Kedua, dimensi diplomasi pertahanan dan maritim perlu diperkuat. Indonesia harus mampu menyampaikan posisi dan kepentingannya secara jelas dalam forum bilateral maupun multilateral, menegaskan komitmen pada UNCLOS tanpa secara frontal memicu ketegangan. Pendekatan ini mencakup pembangunan kapasitas melalui kerja sama yang selektif, serta penggunaan mekanisme dialog untuk mengelola perilaku pihak lain di wilayah yurisdiksi Indonesia. Poin krusial adalah menjaga bahwa peningkatan kapasitas pengawasan dan penegakan hukum tidak dilihat sebagai agresi, tetapi sebagai pelaksanaan hak dan kewajiban negara pantai sesuai hukum internasional.
Potensi risiko ke depan melampaui isua pengumpulan data.
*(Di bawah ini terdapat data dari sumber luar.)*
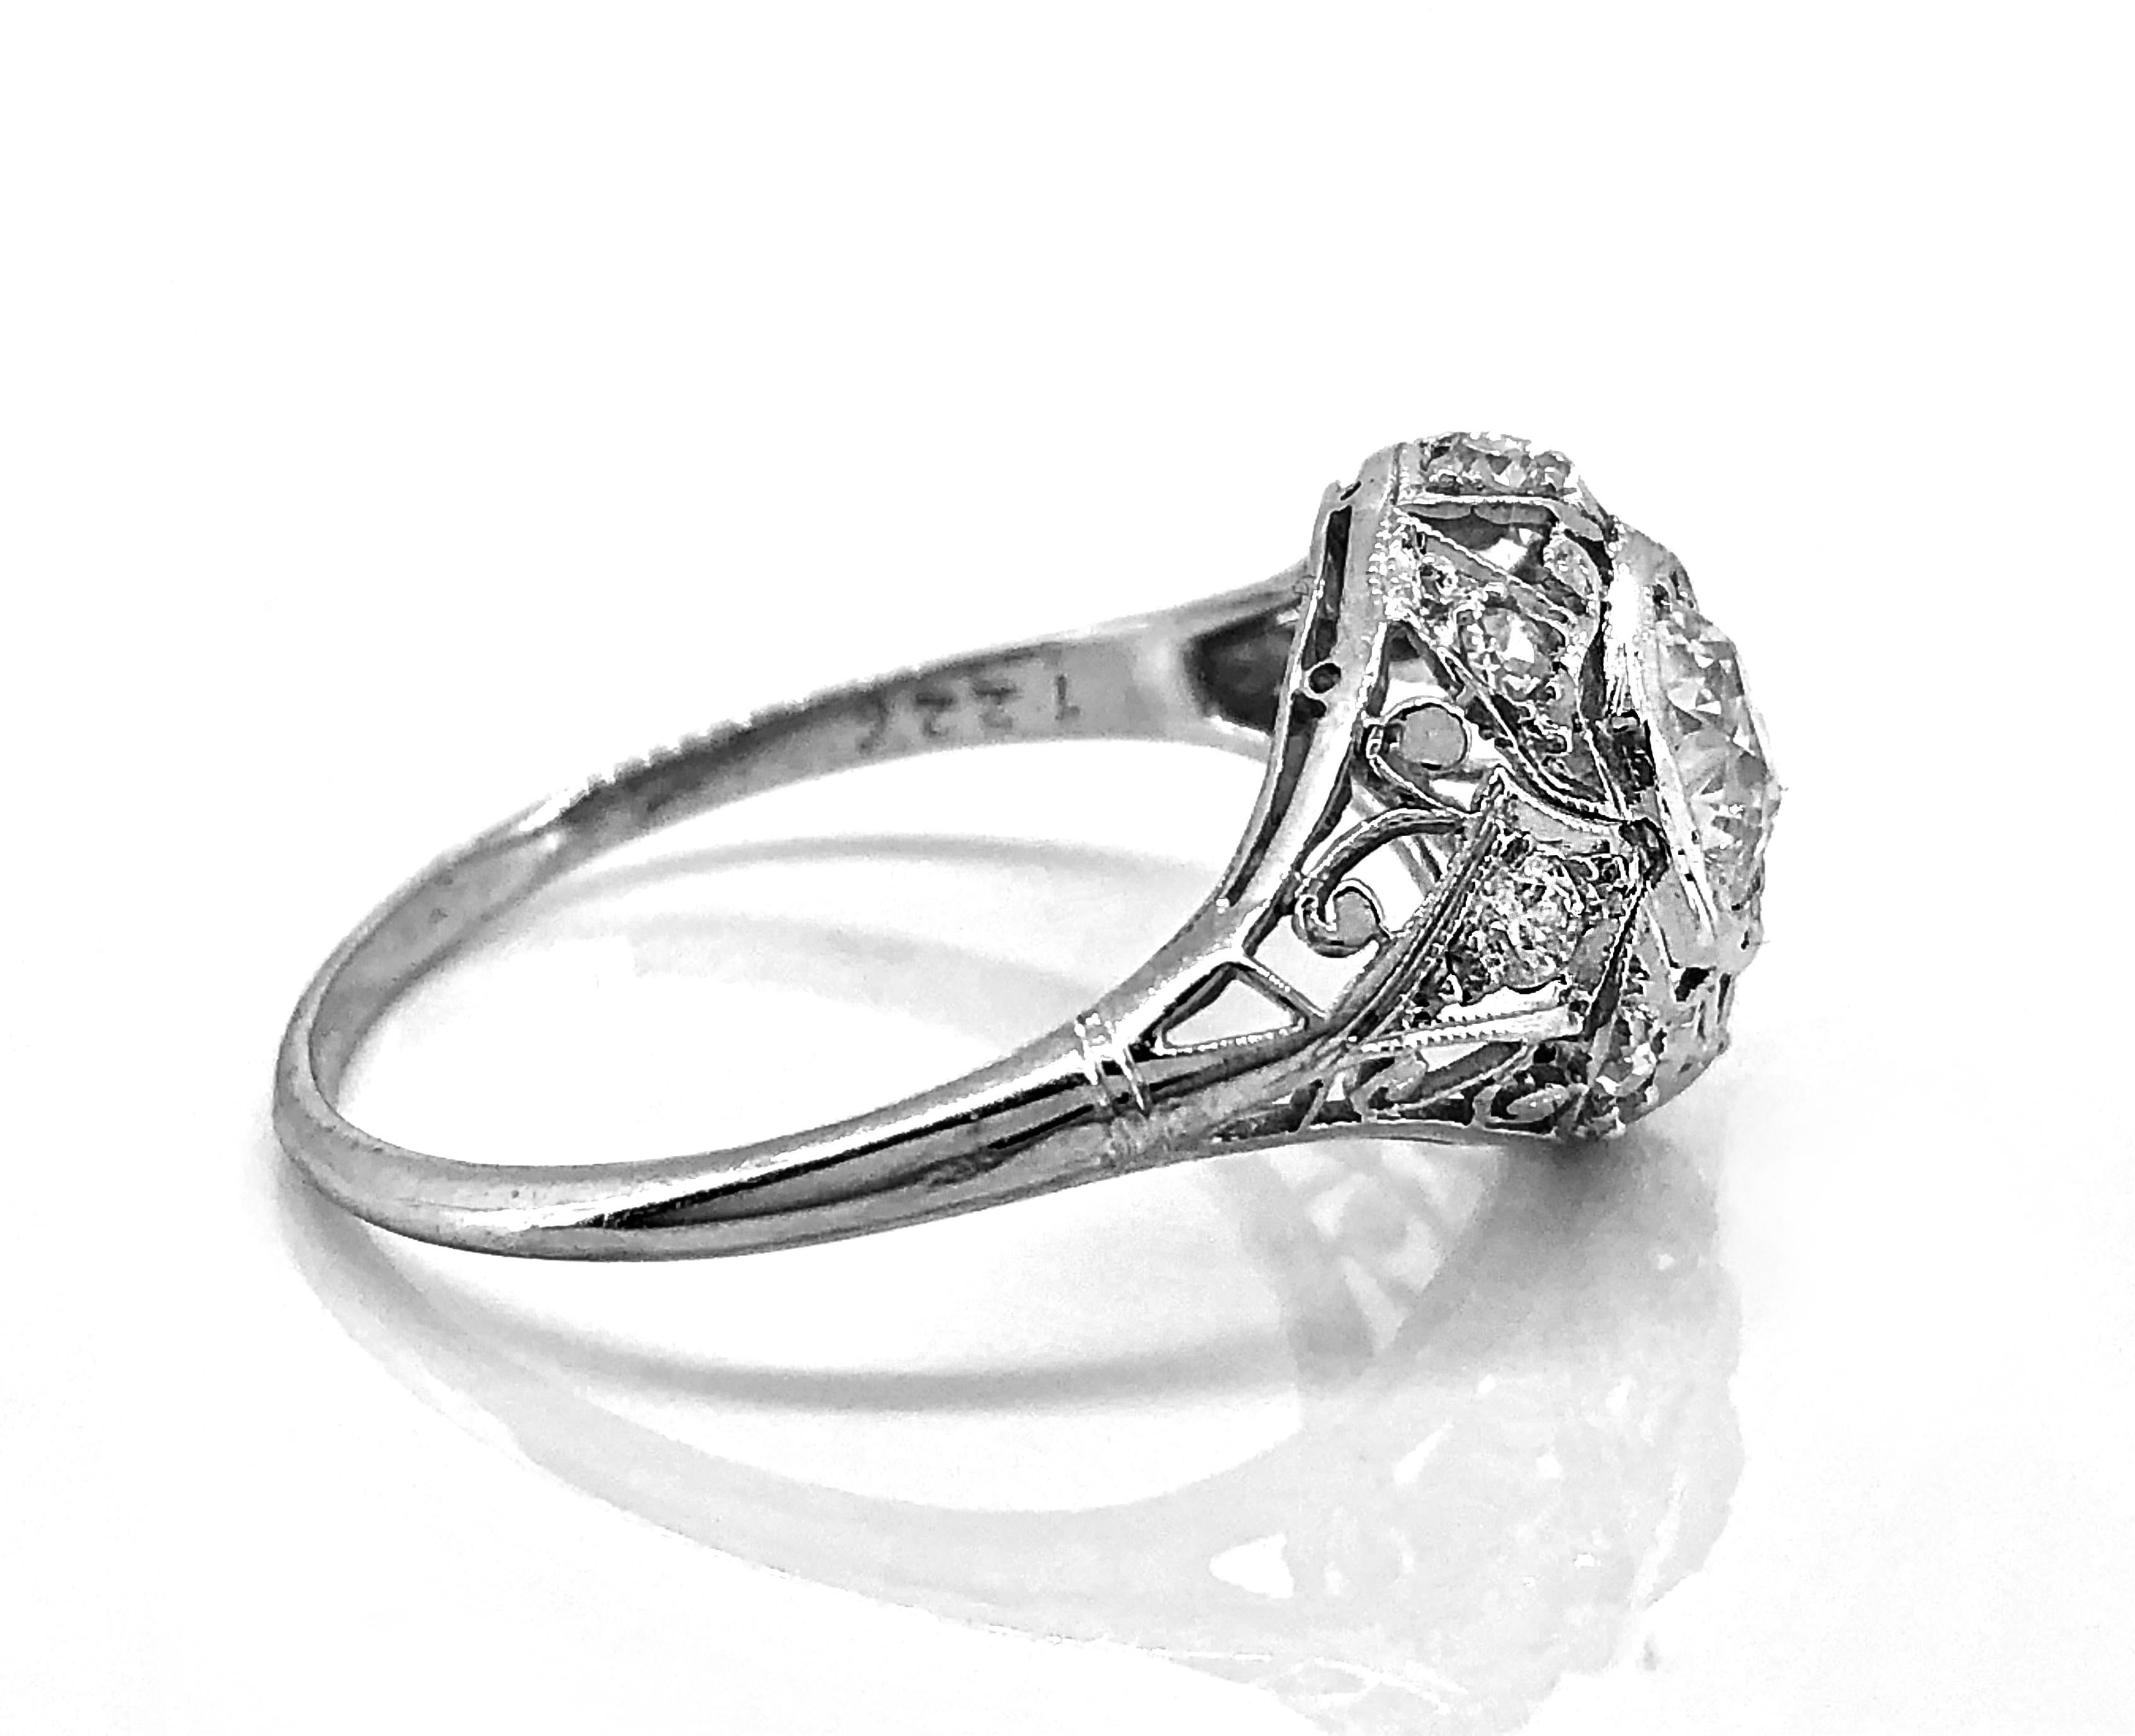 An artfully designed Edwardian diamond Antique engagement ring featuring a beautiful European cut diamond weighing .60ct. Apx. with VVS2 clarity and I color. The mounting is extraordinarily crafted in platinum with meticulous filigree and .33ct.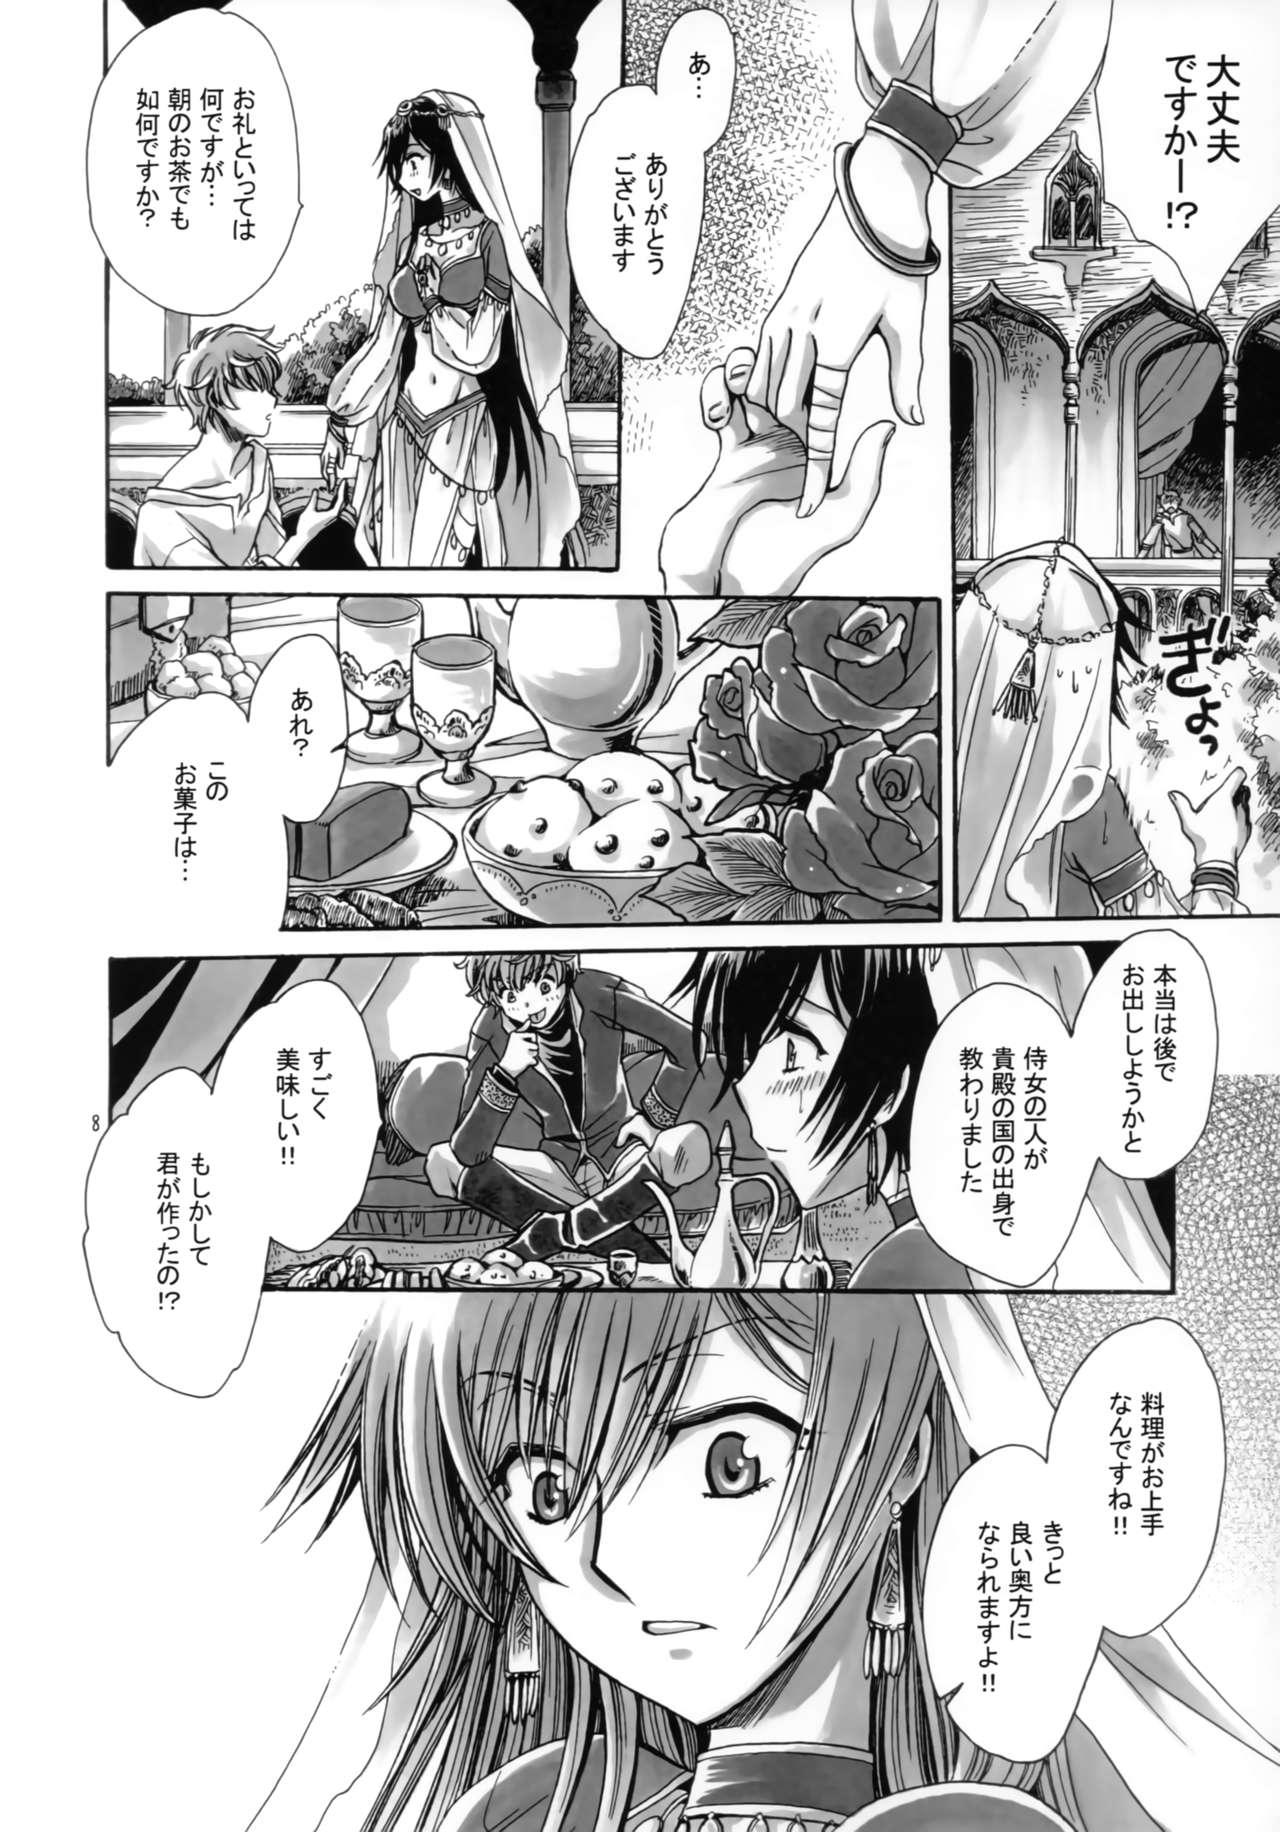 Virgin a lot of Princesses - Code geass Colombia - Page 7

Jika kehadiran tersebut menjadi rutin dan tidak terkelola, dapat menciptakan preceden atau kebiasaan yang dianggap sah oleh pihak internasional, sehingga mengurangi kemampuan Indonesia untuk mengatur akses di masa depan. Di sisi lain, terdapat juga peluang untuk menggunakan situasi ini sebagai momentum memperkuat infrastruktur keamanan maritim nasional, meningkatkan koordinasi antar lembaga, dan memperjelas strategi maritim Indonesia dalam percaturan Indo-Pasifik.
Refleksi akhir dari analisis ini mengarah pada kebutuhan visi strategis maritim yang koheren. Tantangan keamanan maritim dari aktivitas negara lain harus dijawab bukan hanya dengan peningkatan kemampuan teknis operasional, tetapi juga dengan postur strategis yang jelas. Indonesia perlu mendefinisikan dan mengkomunikasikan secara konsisten bagaimana ALKI—sebagai bagian dari wilayah kedaulatan—dikelola dalam konteks kepentingan nasional dan stabilitas kawasan. Langkah ini mencakup penentuan batasan yang jelas terhadap aktivitas apa yang diizinkan, pengembangan protokol respons yang standar, dan investasi berkelanjutan dalam aset pengawasan serta diplomasi. Dalam dinamika geo-strategis Indo-Pasifik, kedaulatan maritim tidak hanya ditentukan oleh klaim hukum, tetapi oleh kemampuan untuk memonitor, mengontrol, dan mengelola wilayah tersebut secara efektif dan berdaulat.